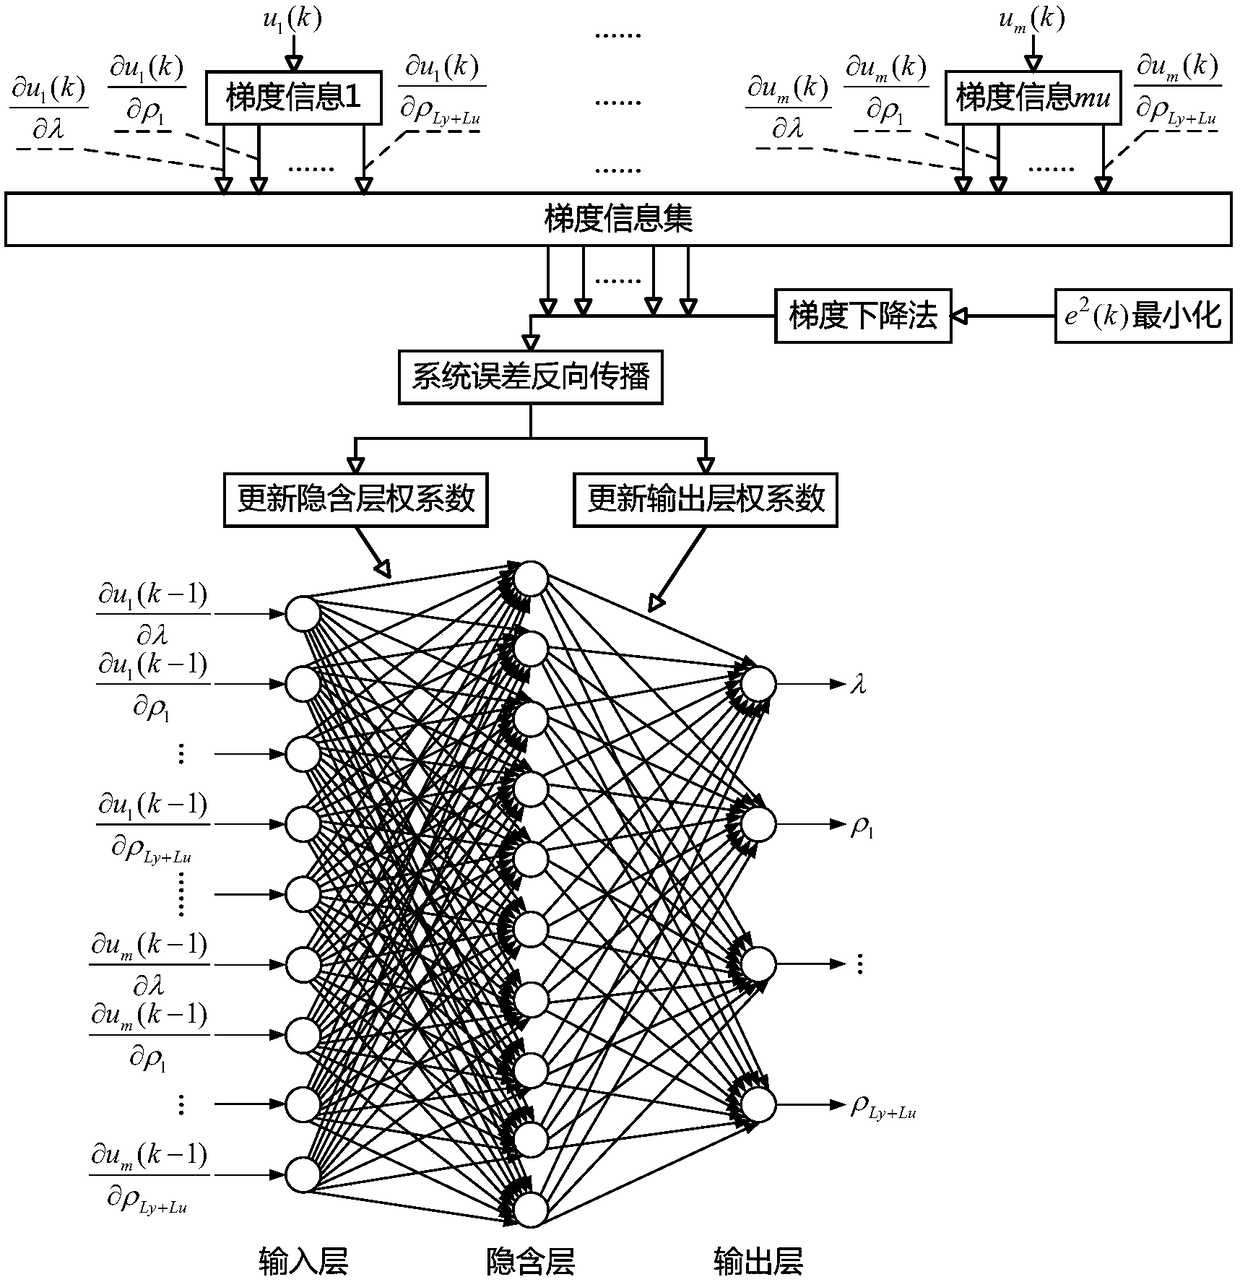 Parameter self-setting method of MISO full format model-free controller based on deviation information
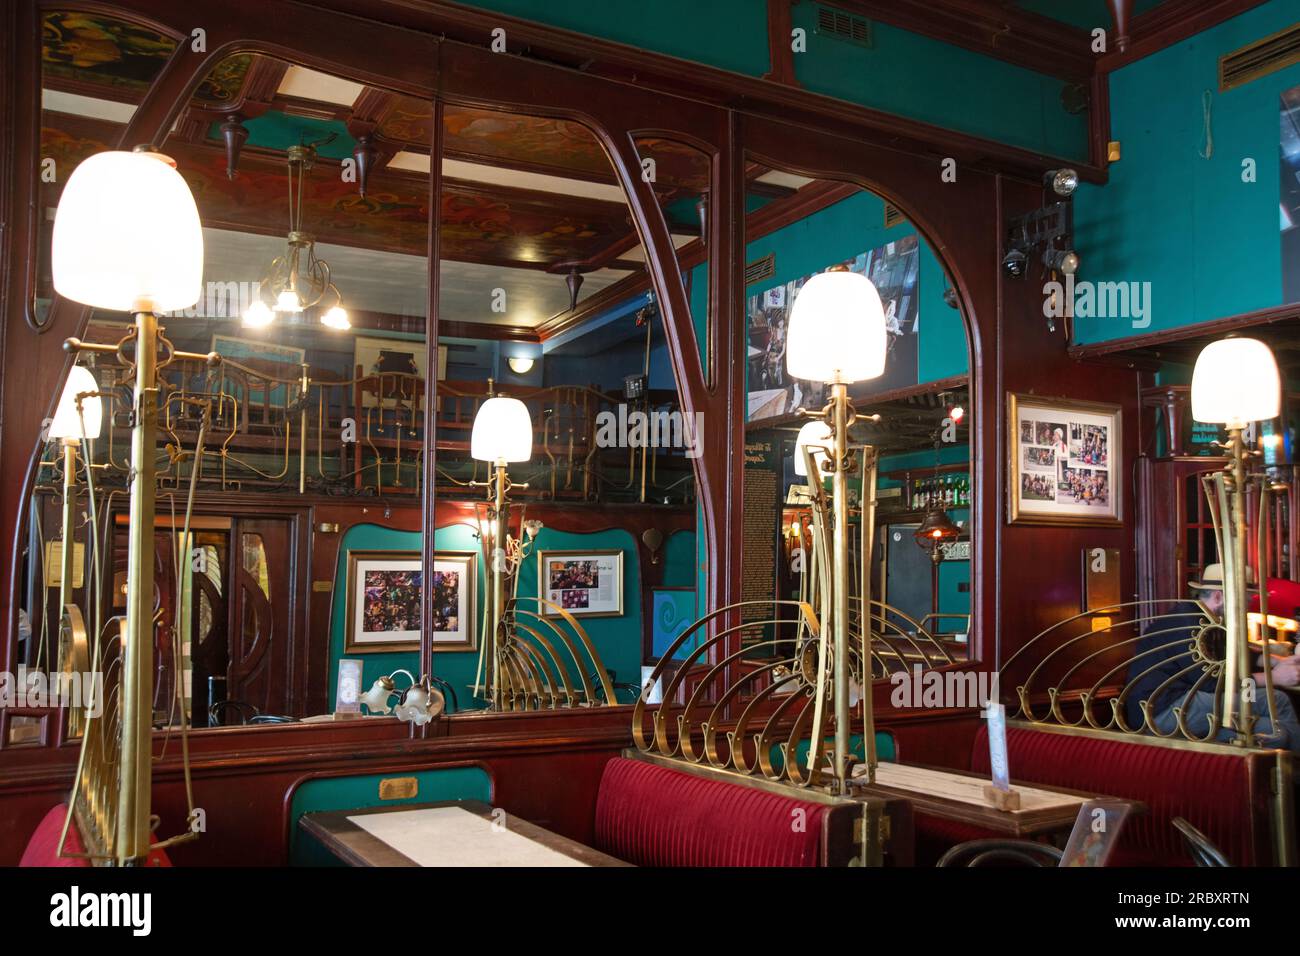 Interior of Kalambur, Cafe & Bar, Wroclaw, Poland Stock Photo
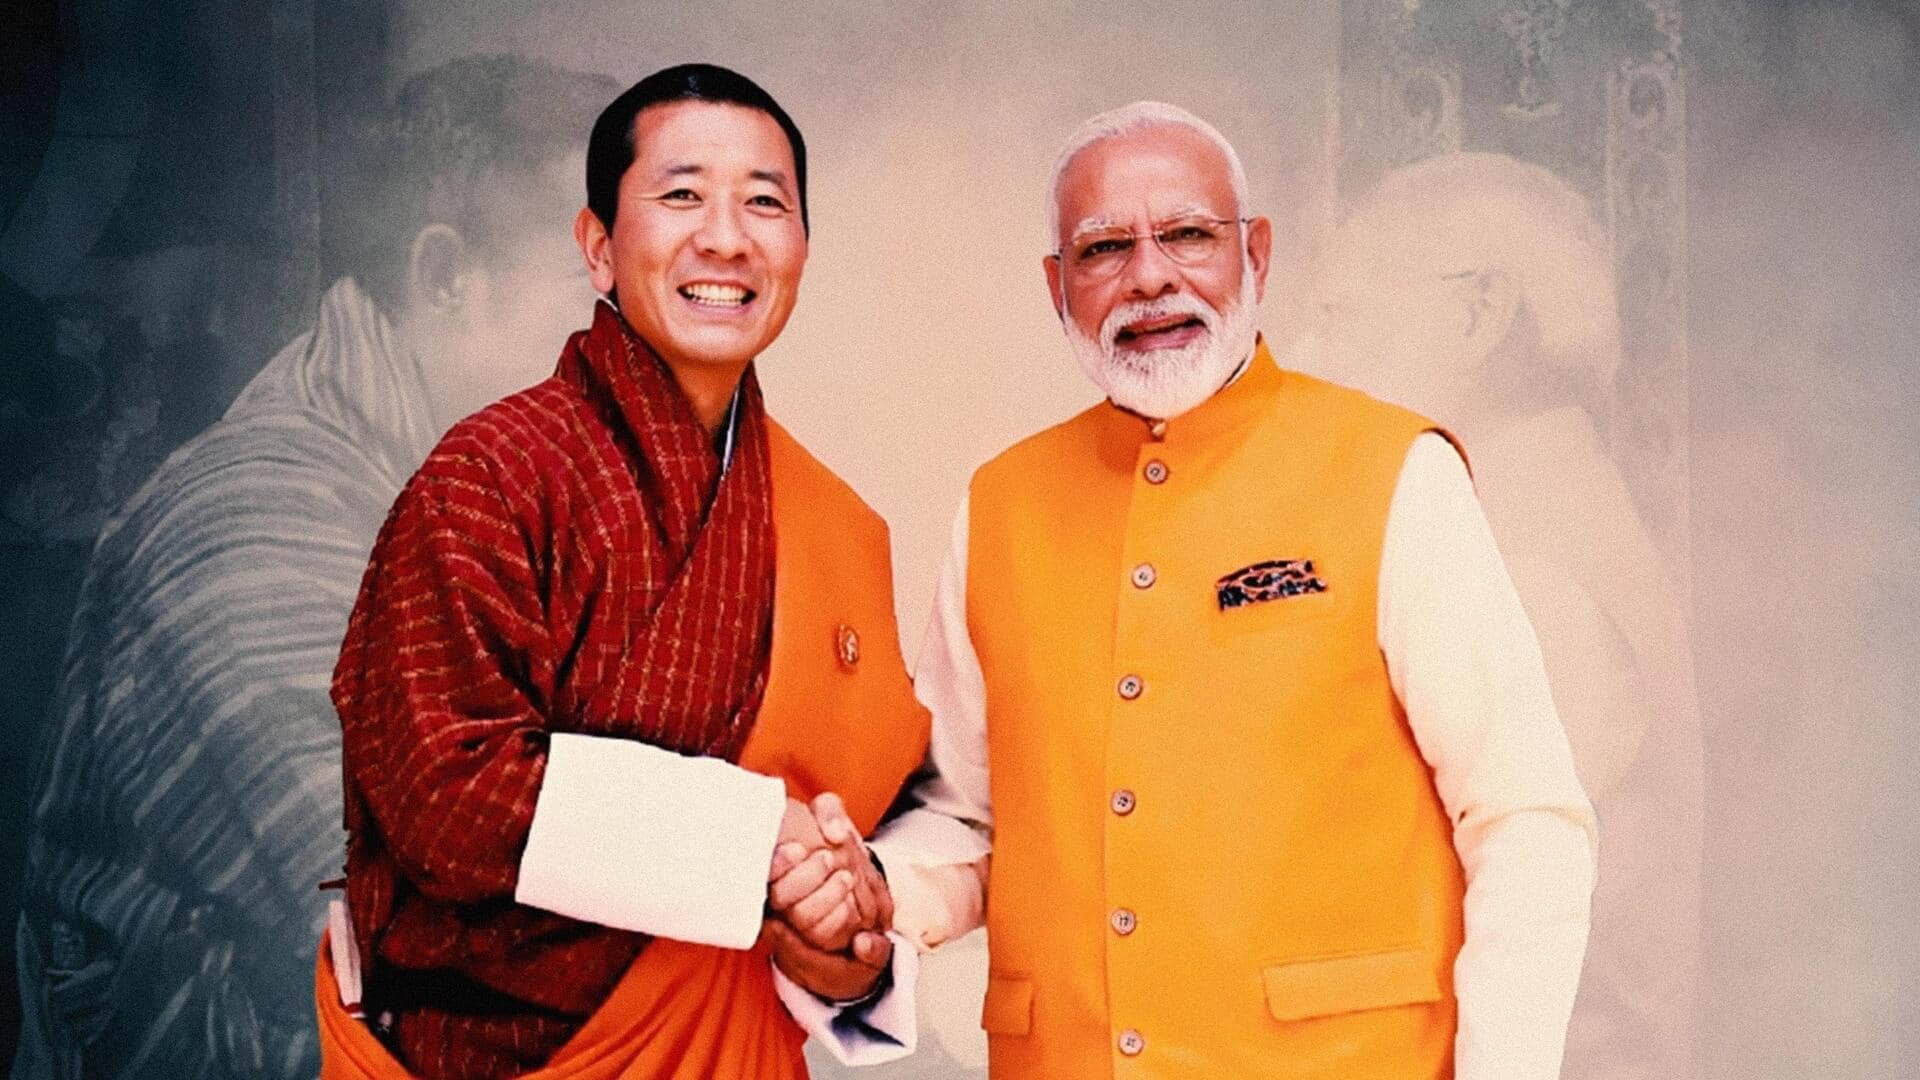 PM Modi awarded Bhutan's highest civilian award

- **Task description**
Leaving the pictures out, output each line of the listing exactly.

- **Task solution**
 Parameter self-setting method of MISO full format model-free controller based on deviation information
 Interior of Kalambur, Cafe & Bar, Wroclaw, Poland Stock Photo
 PM Modi awarded Bhutan's highest civilian award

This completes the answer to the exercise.